Emails I sent to Barnes & Noble went unanswered, as did attempts to contact them through social media. I don’t want the store to deal with harassment or rudeness, I just have a simple request: you’re a local store. I’m a local writer with a great story. Let’s sell some books.
Like so many bookstores, Barnes & Noble has a liberal bias. They would rather lose sales and turn away locals author than violate the ideology of the DNC.
It’s s shame, Georgetown is where me and my friends hung out in the 1980s as high schoolers and then when coming home from college. Garrett’s, our favorite bar, was across the street from the Barnes & Noble. In one key scene in my book, I am literally driving down M Street past the spot of where the new Barnes & Noble talking to my lawyer on the phone. The British Spectator once referred to me as “the city incarnate.”
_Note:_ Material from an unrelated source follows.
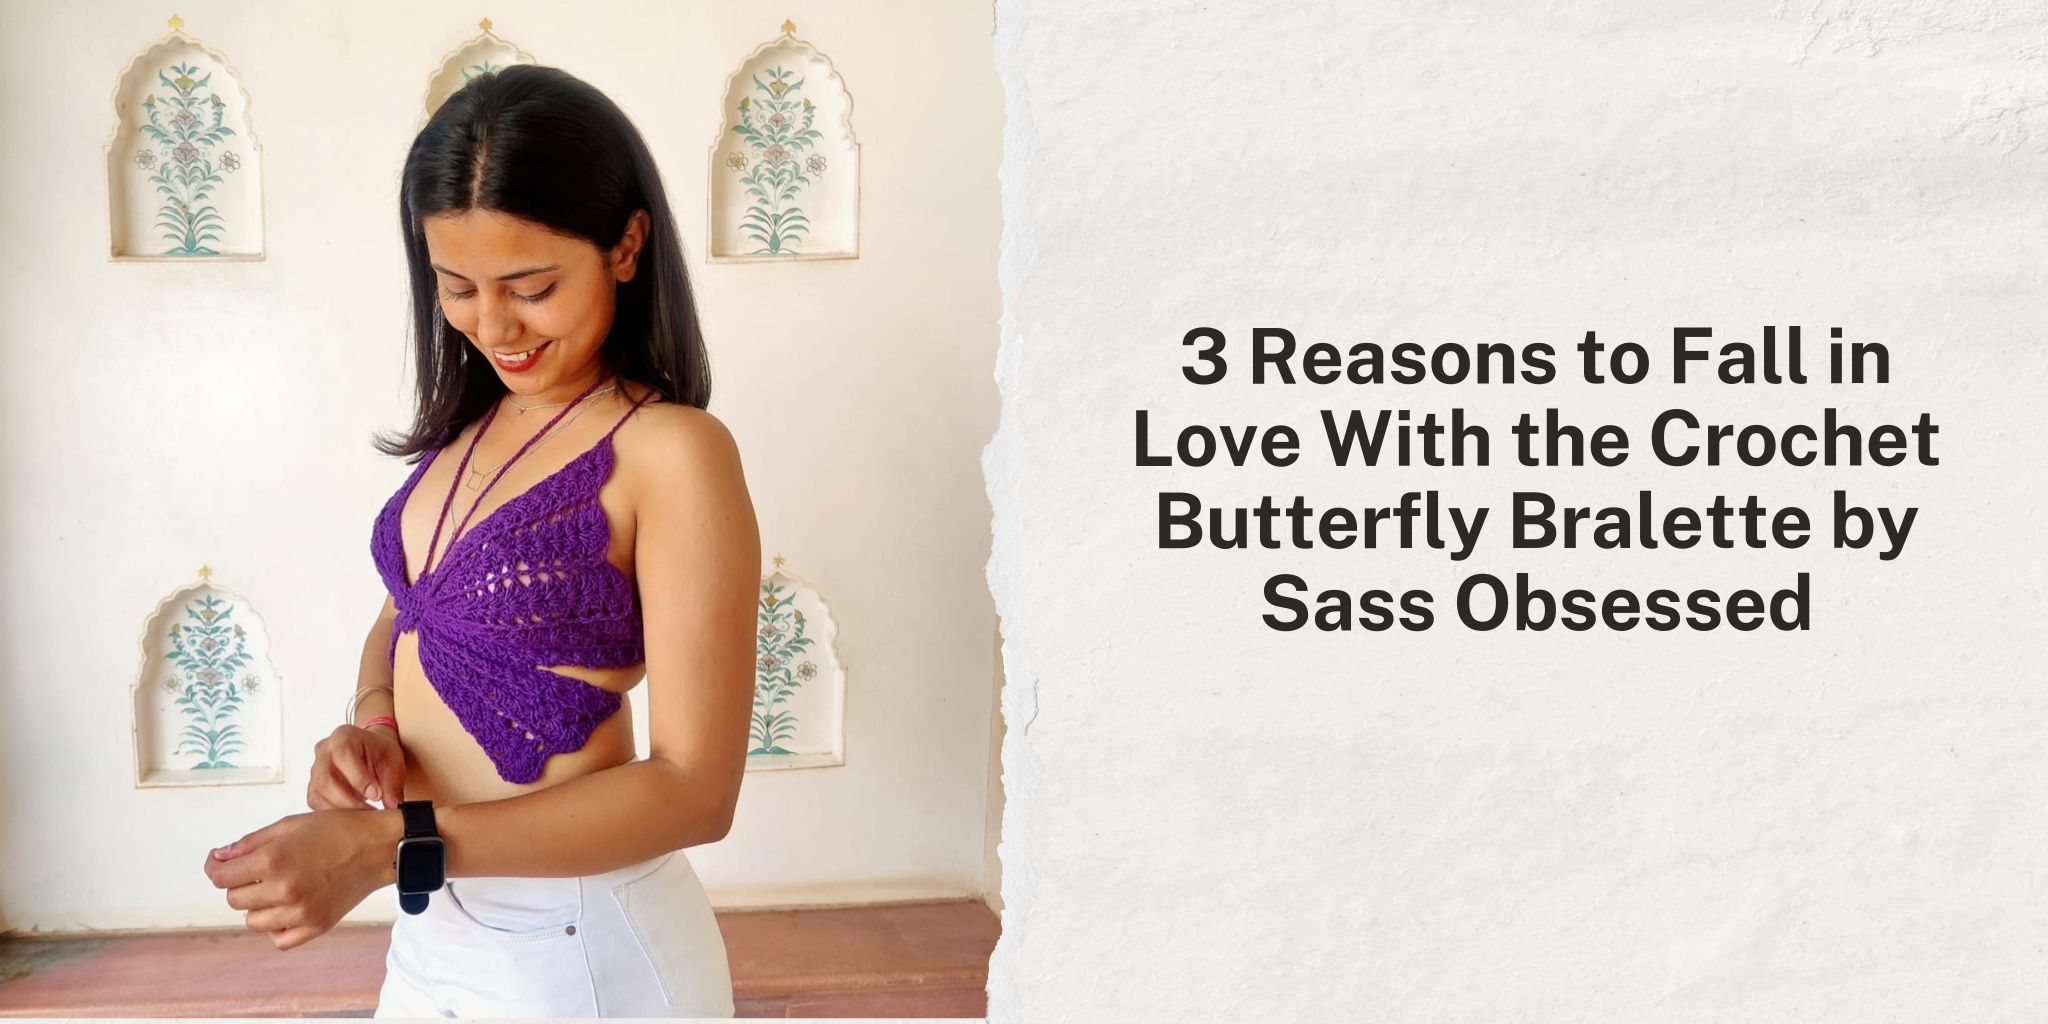 3 Reasons to Fall in Love With the Crochet Butterfly Bralette by Sass Obsessed
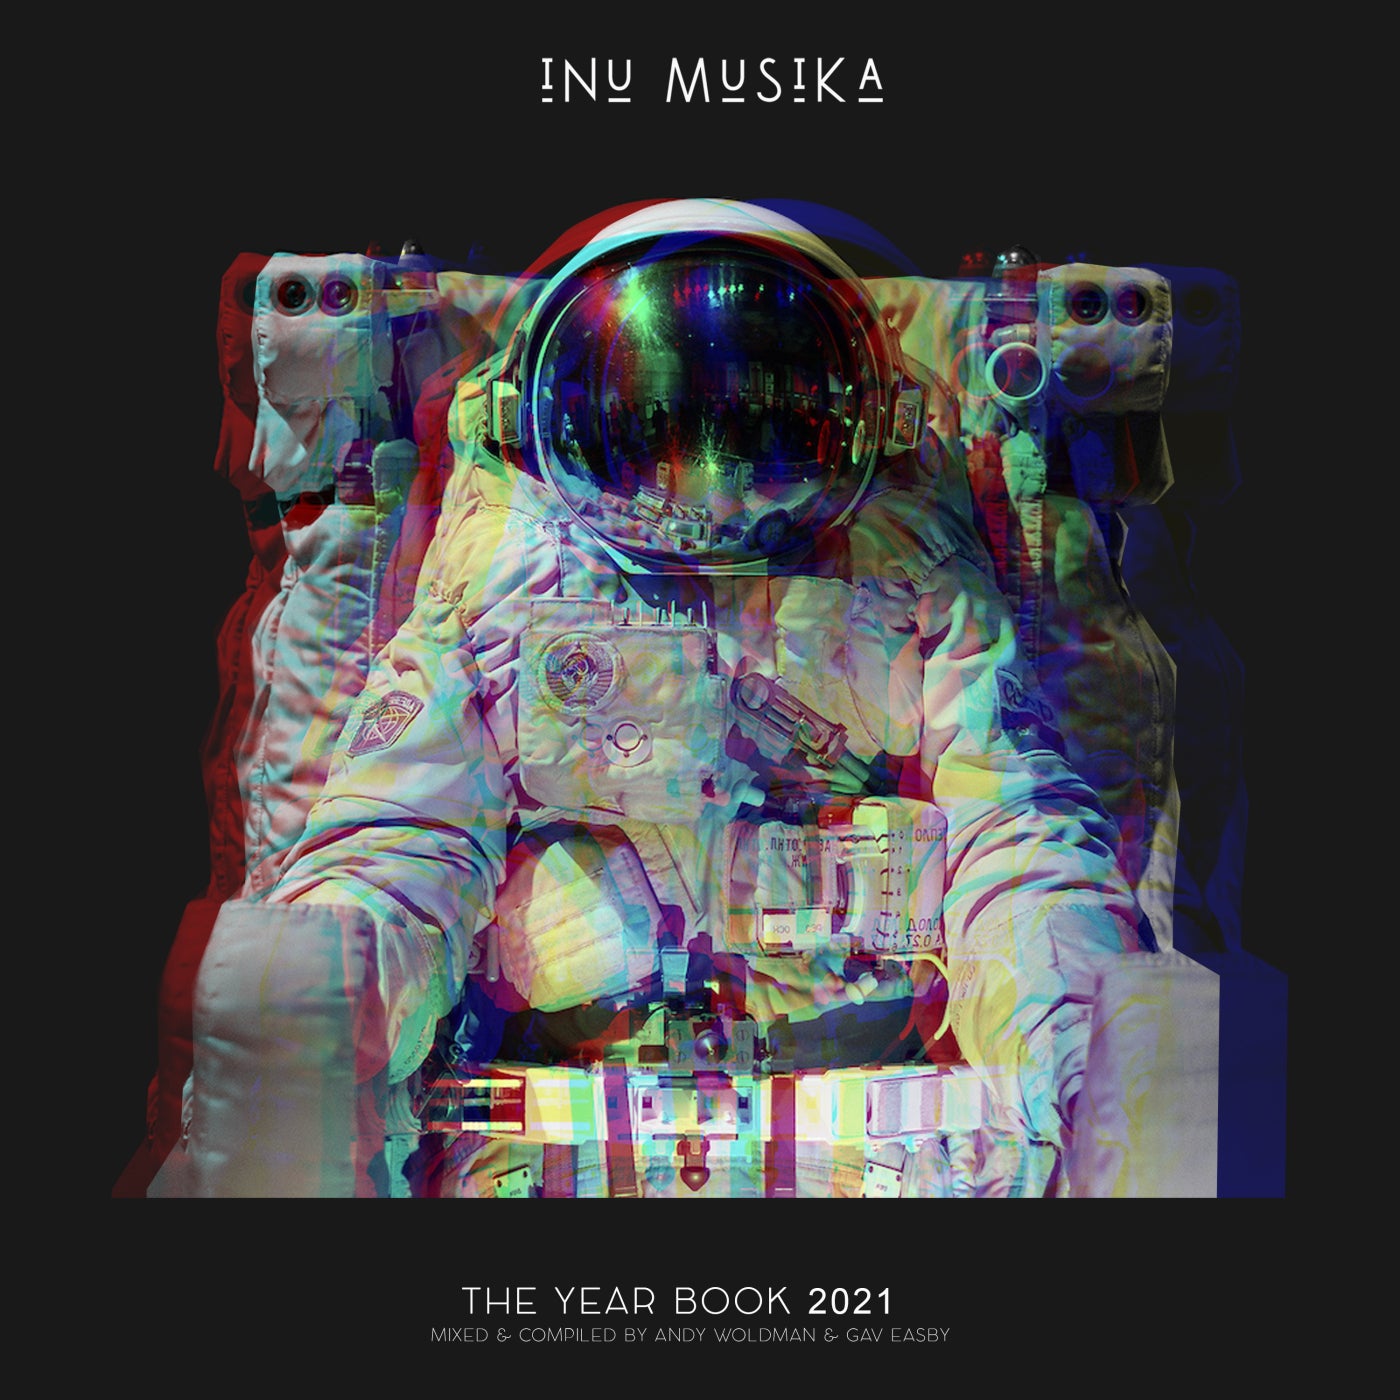 The Yearbook 2021 - CD1 (Compiled by Andy Woldman)

Yet Barnes & Noble won’t touch me - and for that matter neither will the New York Times or Washington Post. In a review of a leftist book about Kavanaugh Times reviewer Alexandra Jacobs wrote that she “longs for more about Mark Judge.” That’s easy - read the book I wrote. In his recent book The Washington Book: How to Read Politics and Politicians, Post veteran Carlos Lozada reads all the books and other documents about Washington. These are political memoirs, government documents, Supreme Court decisions: “I read histories and manifestos,” Lozada writes. “I peruse centuries-old essays and decades-old commission reports. I scour Supreme Court decisions and the text of the latest congressional investigations. I read many books about American politics l, and, I must confess, I also read books by politicians and government officials.” Lozada reads campaign biographies, “revisionist memoirs,” the “tell-all books by mid-level administration staffers,” and books by “presidents, vice presidents, senators, chiefs of staff and FBI directors.”
If it has anything to do with D.C., Lozada reads it. Except The Devil’s Triangle, a book about one of the most dramatic political events in the history of D.C., written by a native.
I still have a UPS box near Georgetown University from when I taught there. I tried to encourage my students to read widely and take on facts and ideas they may not agree with. Sadly Barnes & Noble won’t do the same.